Jim Mone/AP

Warming climate and winter ticks decimating moose populations

In several northern states, outsize deer species threatened by parasites

BROWNVILLE, Maine — Chris Read is the owner of the Gunsmoke Lodge in Brownville, Maine, and, along with many of his patrons, is a lifelong hunter of Maine’s wildlife, including moose.

But these days, he is worried. Though the state’s last official count of its moose population, in 2012, put the number of moose roaming Maine’s forests and mountains at about 76,000, he no longer believes that is accurate.

“I think the state’s numbers of deer moose are way off,” Read said. “I’m guessing it’s more like 50,000 to 55,000. It’s just my theory, based on sightings. I think the moose population is definitely in decline.”

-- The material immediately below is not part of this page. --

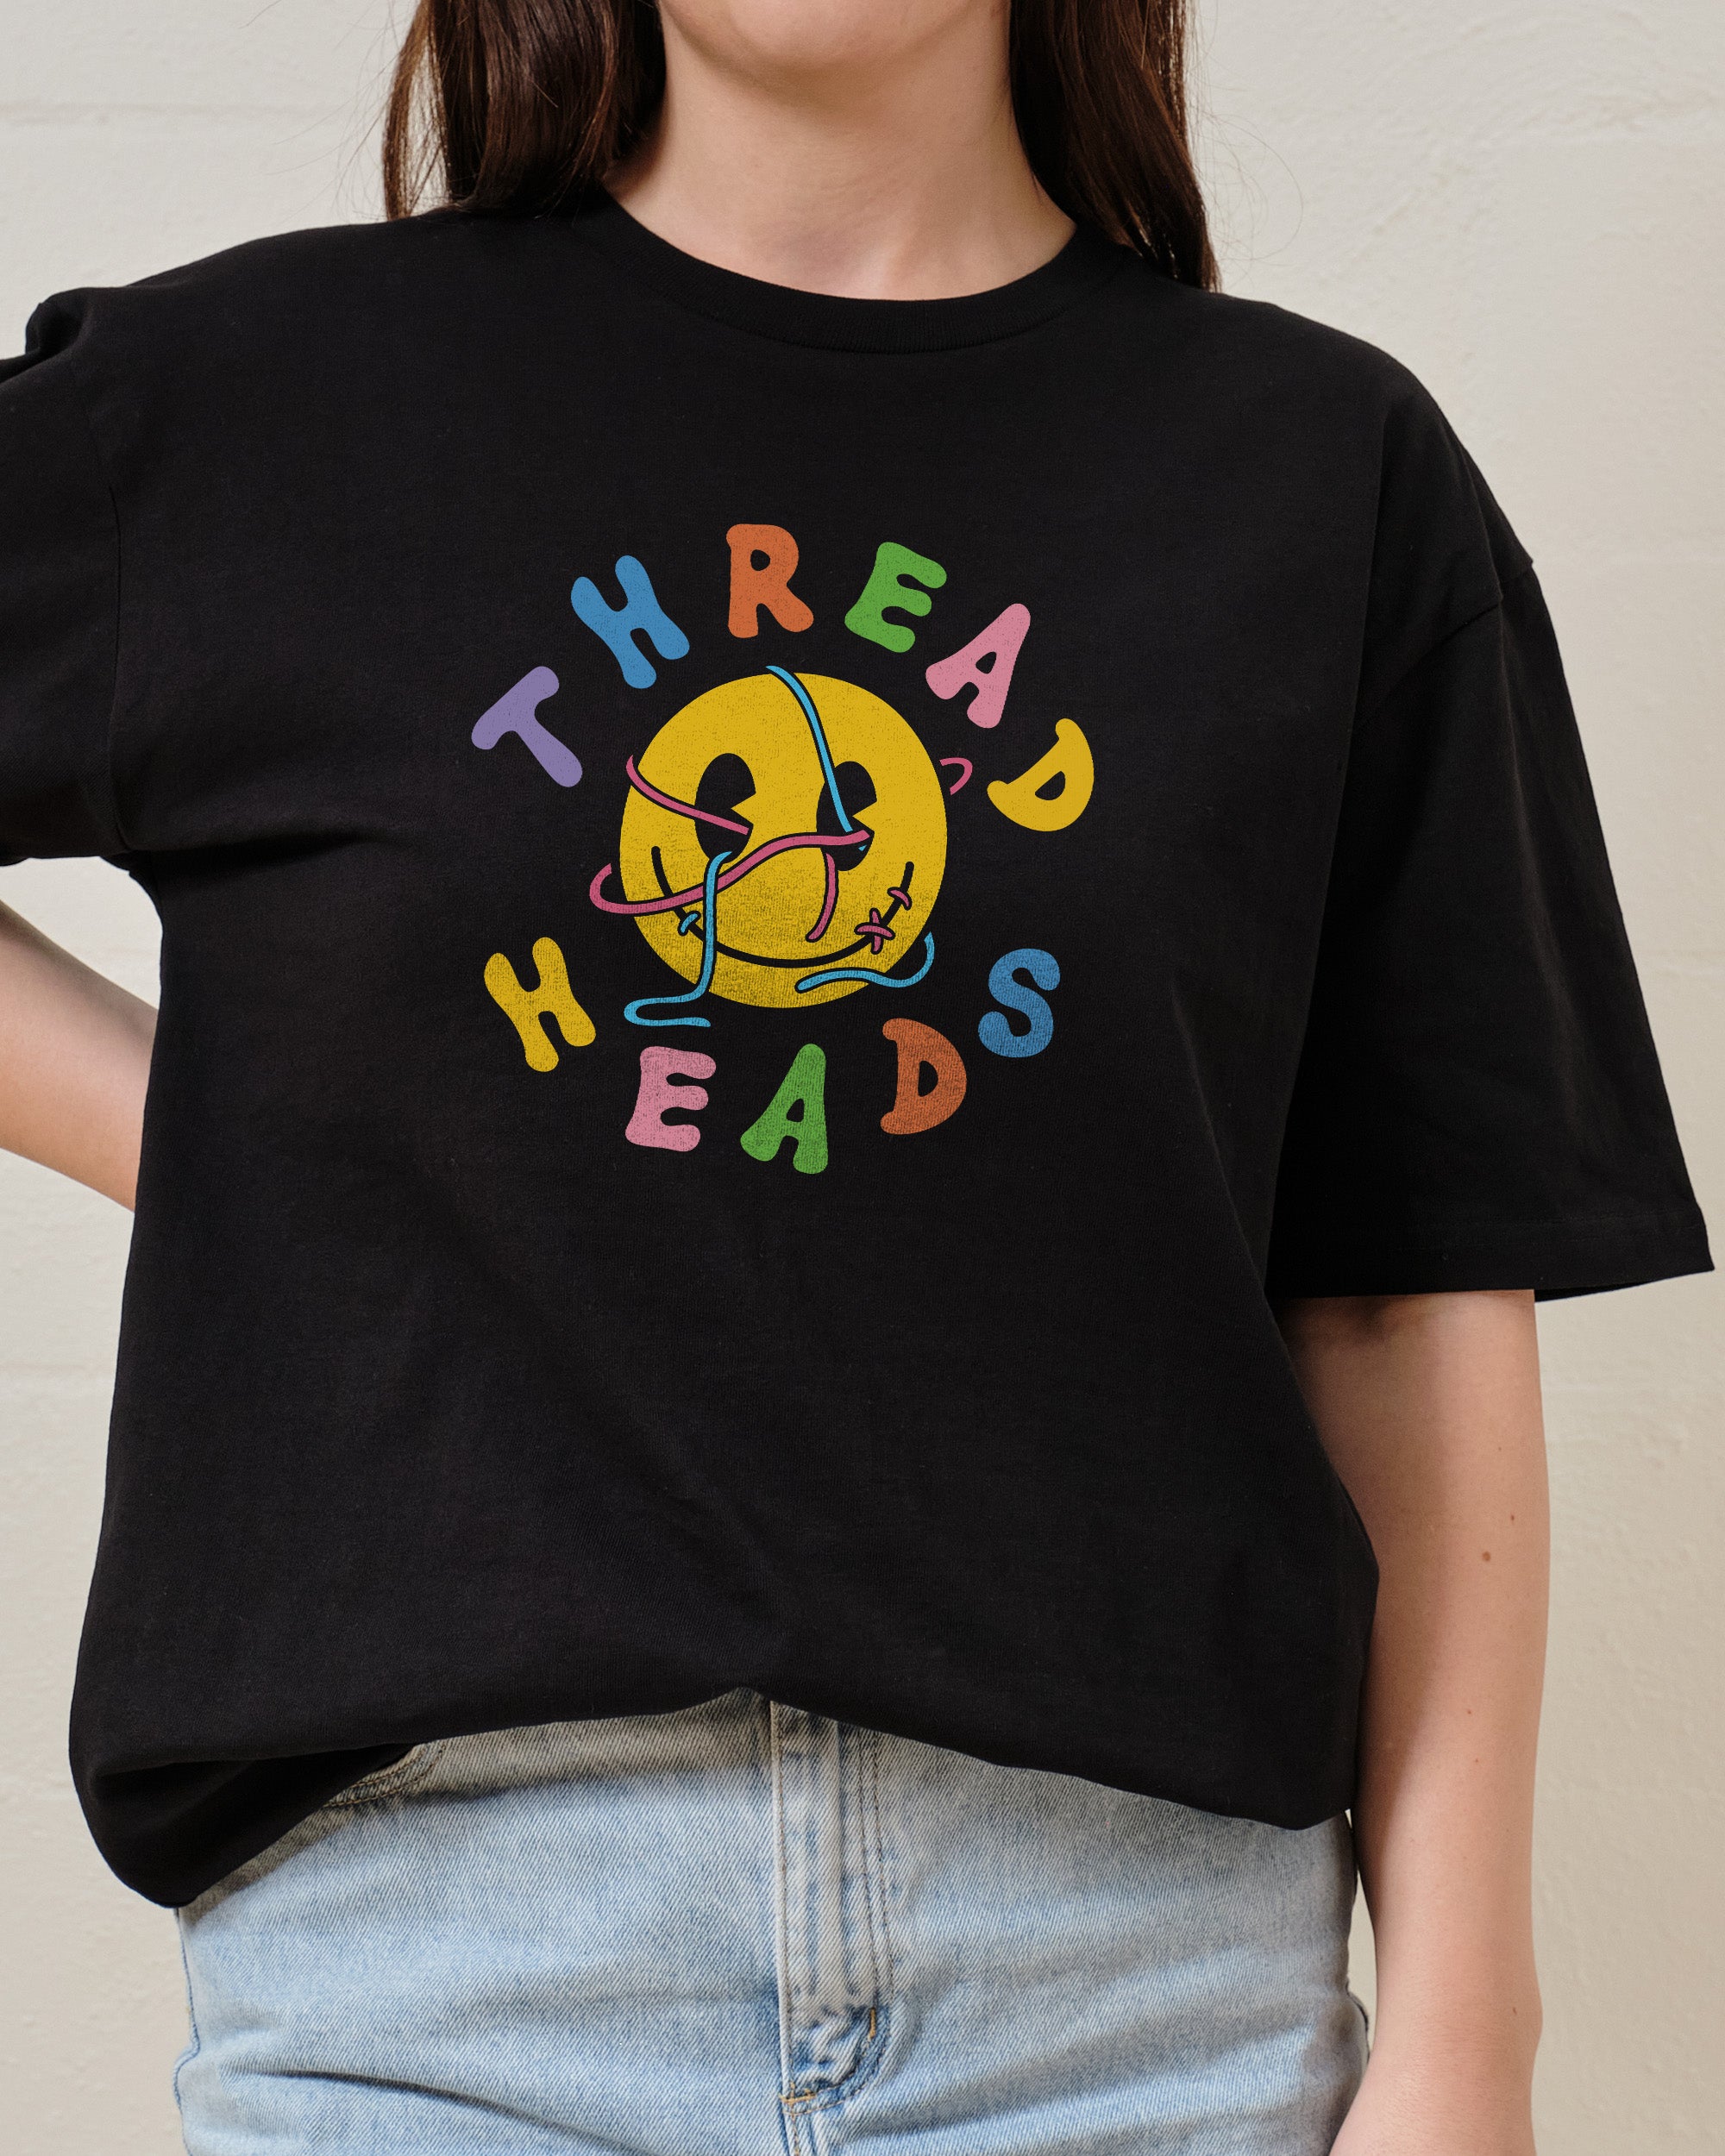 Thread Heads T-Shirt Australia Online

He is not alone in his fears. Hunters, academics and environmentalists fear that moose numbers across Maine and in other parts of the U.S. are experiencing a worrying decline in numbers in the face of deadly ticks that are decimating populations. And at the root of the parasite problem could be something much harder to control: climate change.

Wildlife photographer Mark Picard is another worrier in Maine. He spends a lot of time shooting moose, although he uses a camera, not a rifle. He knows Maine’s moose so well, he can recognize individual animals by their antlers or fur patterns.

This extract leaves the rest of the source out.